Do you live your life effectively without a calendar?  I’m sure there are a few of you exceptions, but most of us can’t live without some sort of calendar.  Why then do we start new exercise and nutrition routines without some kind of planner?

It is hard to remember what exercise we did 3 days ago or what was for dinner last Monday.  Journals will help us plan out our days better and make sure we get everything in that we want to.  If you want to go to the gym 4 days a week, you can’t expect to do that if you haven’t started going by Thursday.  If your plan is to eat 5 meals/snacks a day how will you hit that goal if you can’t remember the full week by the weekend?

Plan ahead.  Get a spiral notebook, they are cheap, then start with the meal you are on right now.  Not everyone needs to write down every little thing you eat.  Some of you may be at that stage, but others can get away with a quick synopsis of the day.  However, if you are not reaching your goals, then you need to get meticulus about keeping track.  Also, when you crave something that is unhealthy, make a note of what you were feeling at that time.

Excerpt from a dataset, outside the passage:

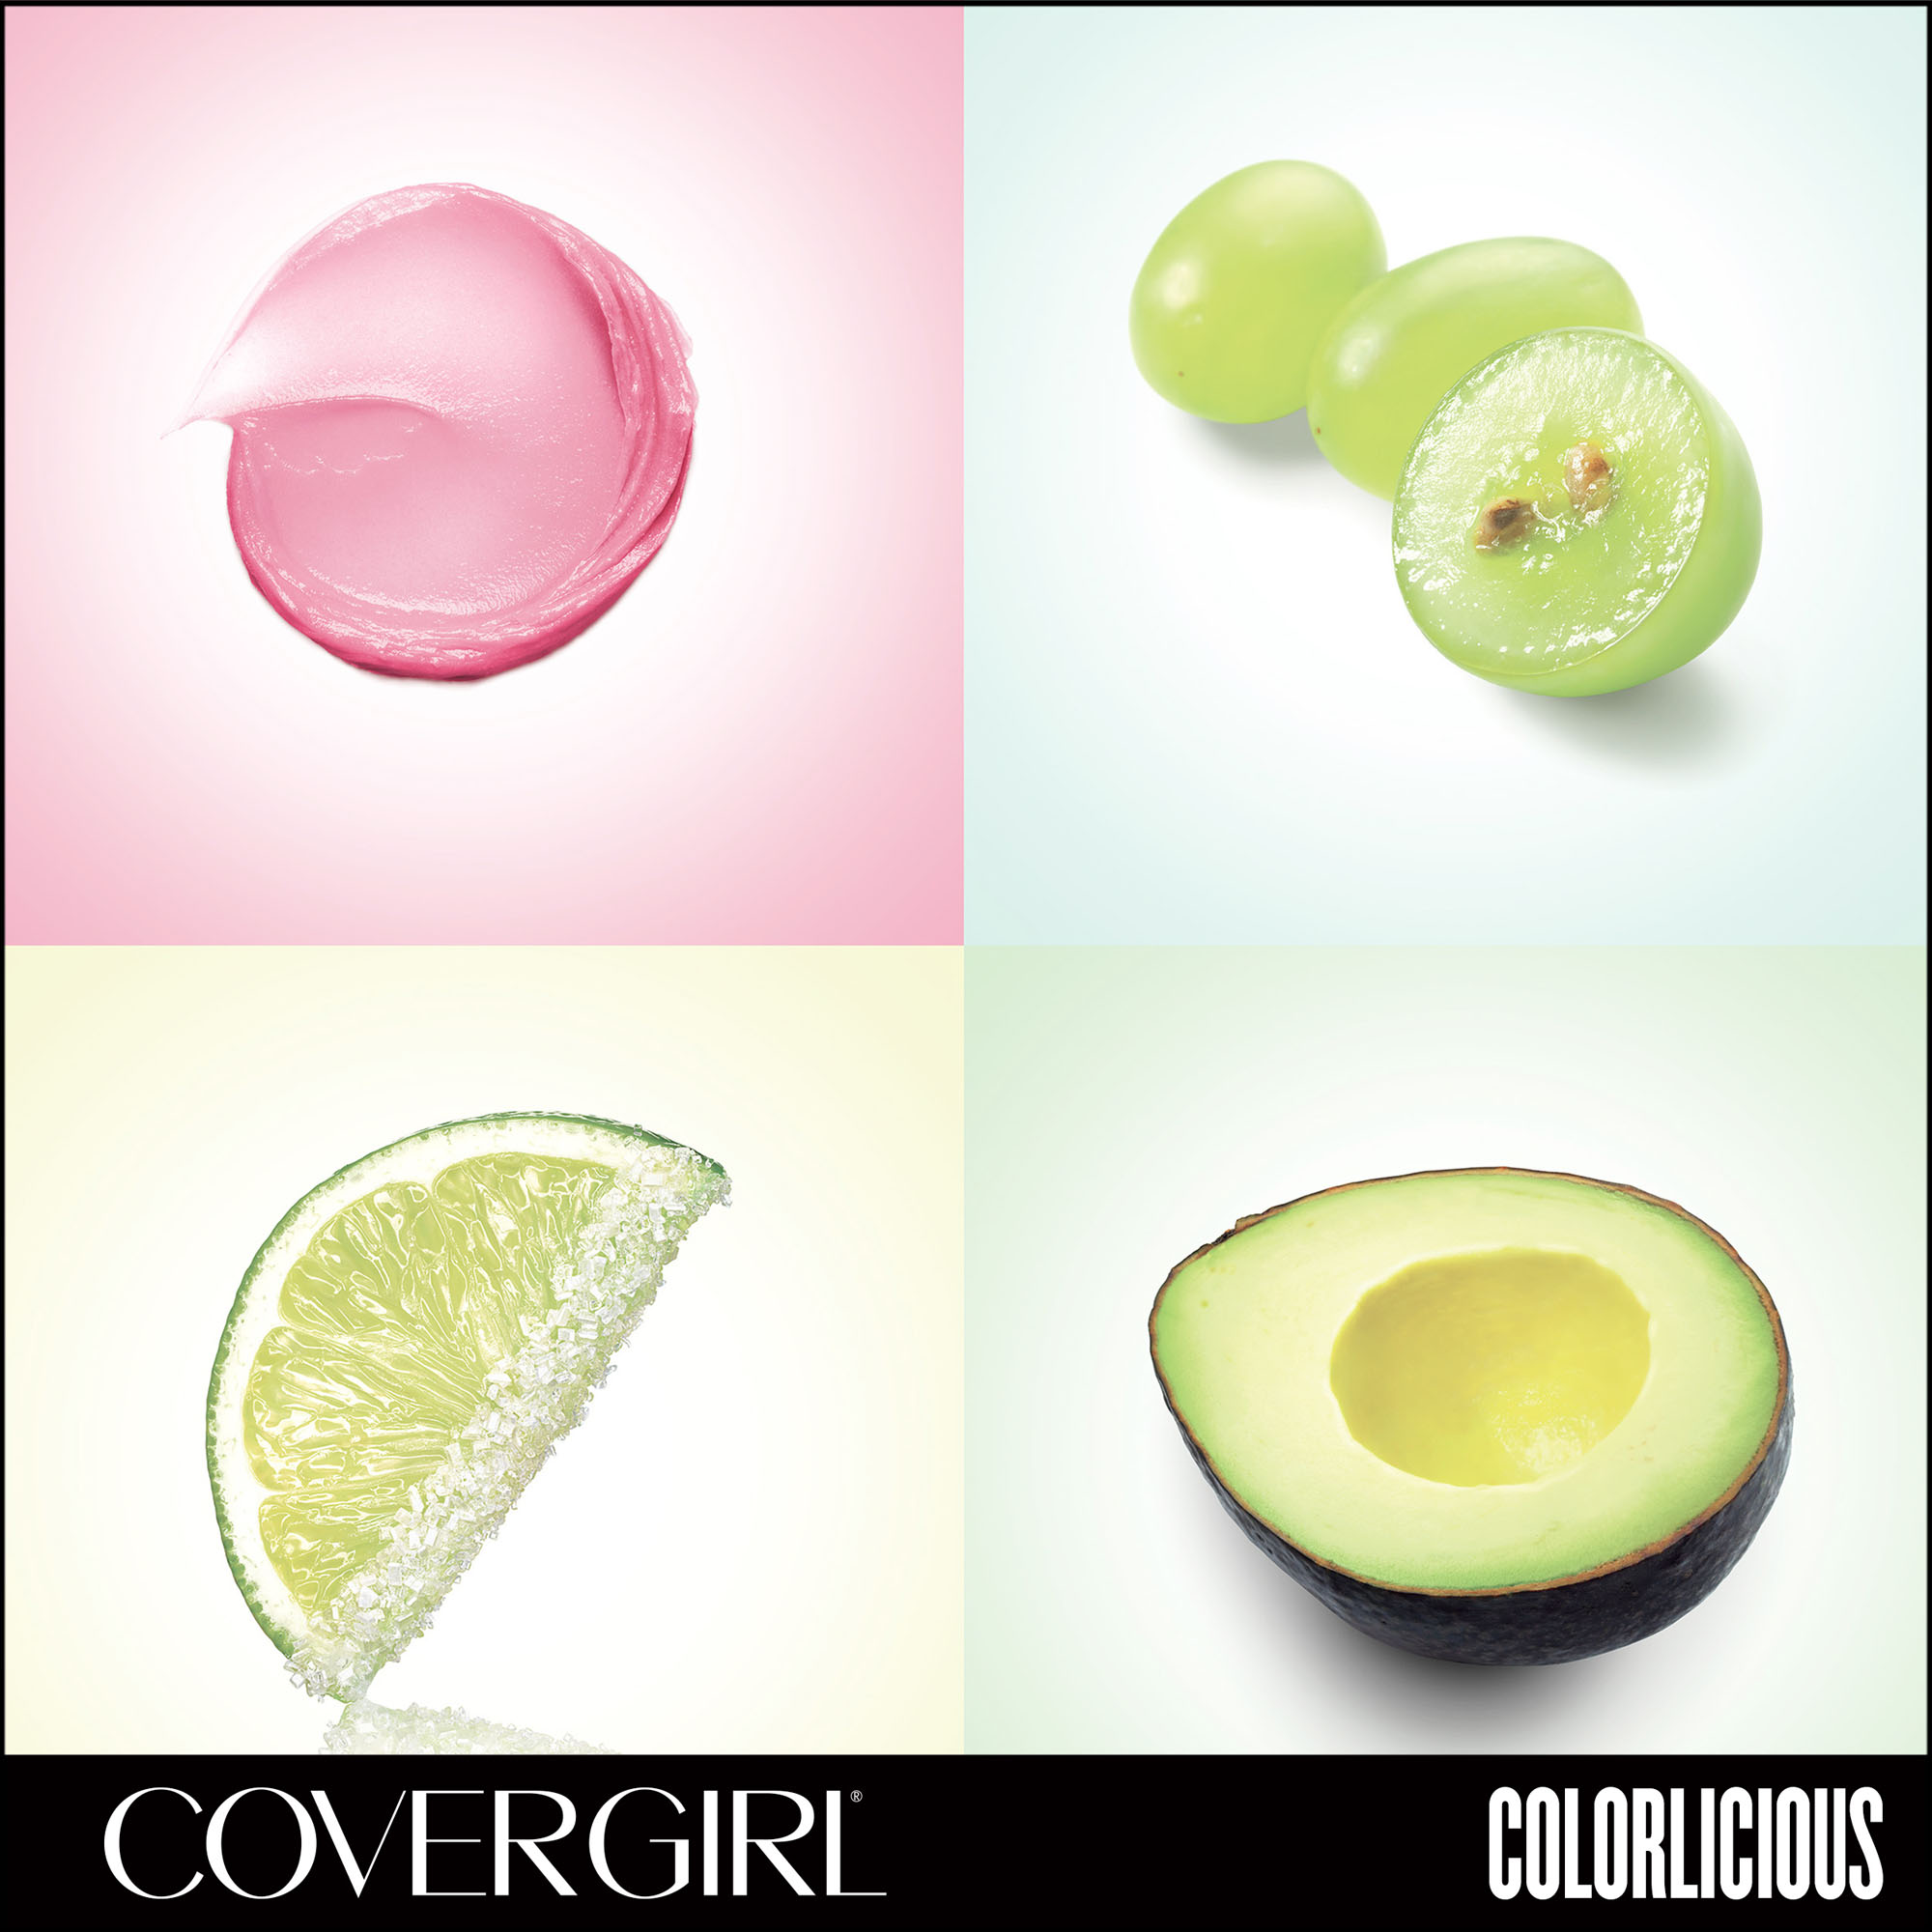 COVERGIRL Colorlicious Oh Sugar! Vitamin Infused Lip Balm, Caramel, 0.12 oz (3.5 g) - image 5 of 8

When exercising you should not work the same muscle group 2 days in a row.  You need a day of recovery for those muscles.  If you keep track of what groups you work on what days, then you are less apt to have an overuse injury occur.

Journaling can take some work to get used to.  But it is key to achieving your health goals.  Whether that is weight loss, or simply getting more veggies in your diet.

Val Selby ~ Wellness Coordinator
Busy Momma Wellness

Please send me any health and fitness questions.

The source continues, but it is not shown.